Взглянул на часы на стене, надо успеть на Синопскую набережную к взрыву храма. Всё-таки не успел. По развалинам ходили солдаты. У самой Невы стояли два чёрных старичка. Один из них схватил проходившего мимо зеваку за рукав, показав пальцем на развалины, спросил: куда её перевозят? – Её не перевозят, а сносят. На её месте построят гараж или оранжерею. – Жирею? – не понял старик.
Когда солдаты ушли, влез на груду кирпича, долго рылся в развалинах. Нашёл женскую косу, грош, образок.
Мимо; мост, машины, машины. С кирпичного завода везут на угольный склад кирпичи, со склада на завод везут уголь. Шевеленье минералов. С юга везут плодоовощи, на южное кладбище везут обессиленных.
Свернул в переулок. Перед одним из домов прыгают мужчины в белых рубашках. Из окон роддома жены записочки кидают. А кому-то швырнули и деревяшку. Зашёл отдохнуть в зубную поликлинику. Поднялся в огромный блестящий зал. Громкоговоритель выкрикивал фамилии в комнату наслаждений. Соседка слева как на вибростенде, предложил успокаивающее. Женщина справа (при чём здесь скульптурная шея?) застыла в предчувствии комы. Интересно, какие зубы были у Кановы? Соседка слева совсем посизела. Ах чёрт, он удружил ей пургативное! Надо бежать. С криком «безобразие» он кинулся к выходу. На лестнице задел санитара, тот выронил стальной сундучок. По всей лестнице рассыпались жёлто-алые зубы.
В трамвае вспоминал правила хорошего тона: Если женщина, сидящая на диване, предлагает вам садиться, не садитесь рядом с ней, а берите отдельный стул. Если же женщина начала разговор, немедленно предложите ей стул и не начинайте разговора, пока она не снимет боты. Не отказывайтесь, если вас просят что-нибудь спеть или сплясать. Вино наливают до пояска рюмки. Во время обеда не курить. Красить губы можно только в ресторане. Подлинно культурный человек не станет вытираться грязным полотенцем.

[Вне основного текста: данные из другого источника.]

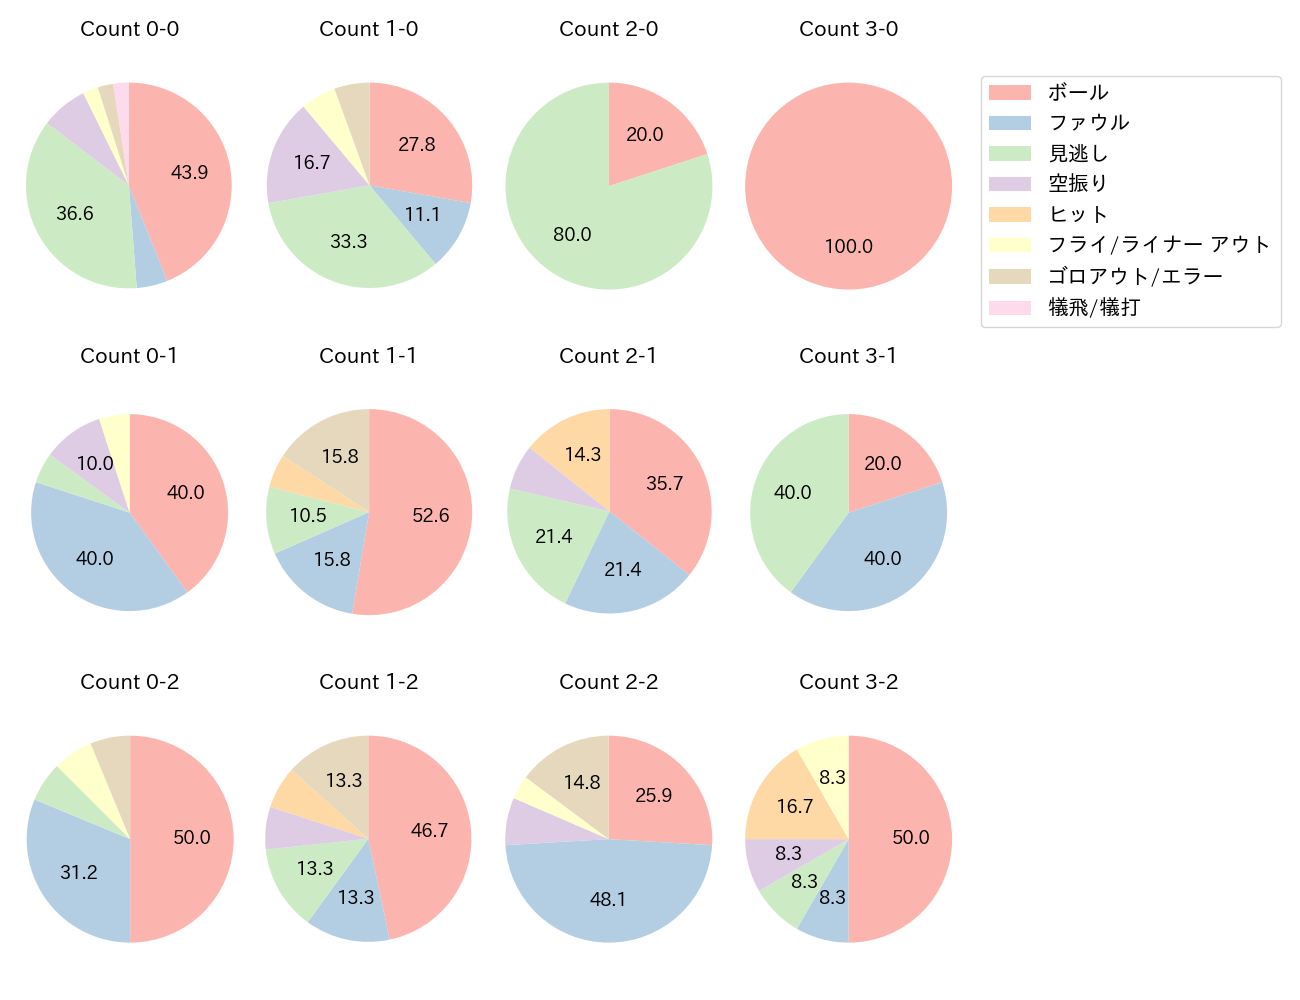 吉田 大成の球数分布(2021年7月)

Трамвай привёз в тишь Крестовского острова. Шаги по размазне дорожек. На ходу несколько страничек «Малого Ламрима» Цзонкаба. А вот и Крестовское голубиное стрельбище, точнее – место, где оно когда-то было. Ржа, проволока, обгорелый (не от страсти ли) матрац, чемодан с письмами и игрушечными головами. Минута прострации. Долго смотрел на воду с моста. Почудился на дне автобус с пассажирами. Вон, даже пузыри поднимаются изо рта водителя. Нет, это рябь. Что же там блестит? Присел на край мокрой скамьи. Снег. В черноту светил прожектор. Там, где у тени была шея, в пустоте, в черноте, на фоне зыбкой, мокрой, ирреальной материи падающего снега появилось отражение. У тени вдруг разверзся лоб, края раны засияли, и стало видно, что в голове у отражения дрожит огромный сверкающий эллипс… Снова рябь. Страшно смотреть – и хочется! Нет.
Цветочный печальник, ветвяной молчальник коченел в ожиданьи дождей. Сукровенила засимь прогноистых тяжей. Через кротьи пещеры земля освежала свой дух.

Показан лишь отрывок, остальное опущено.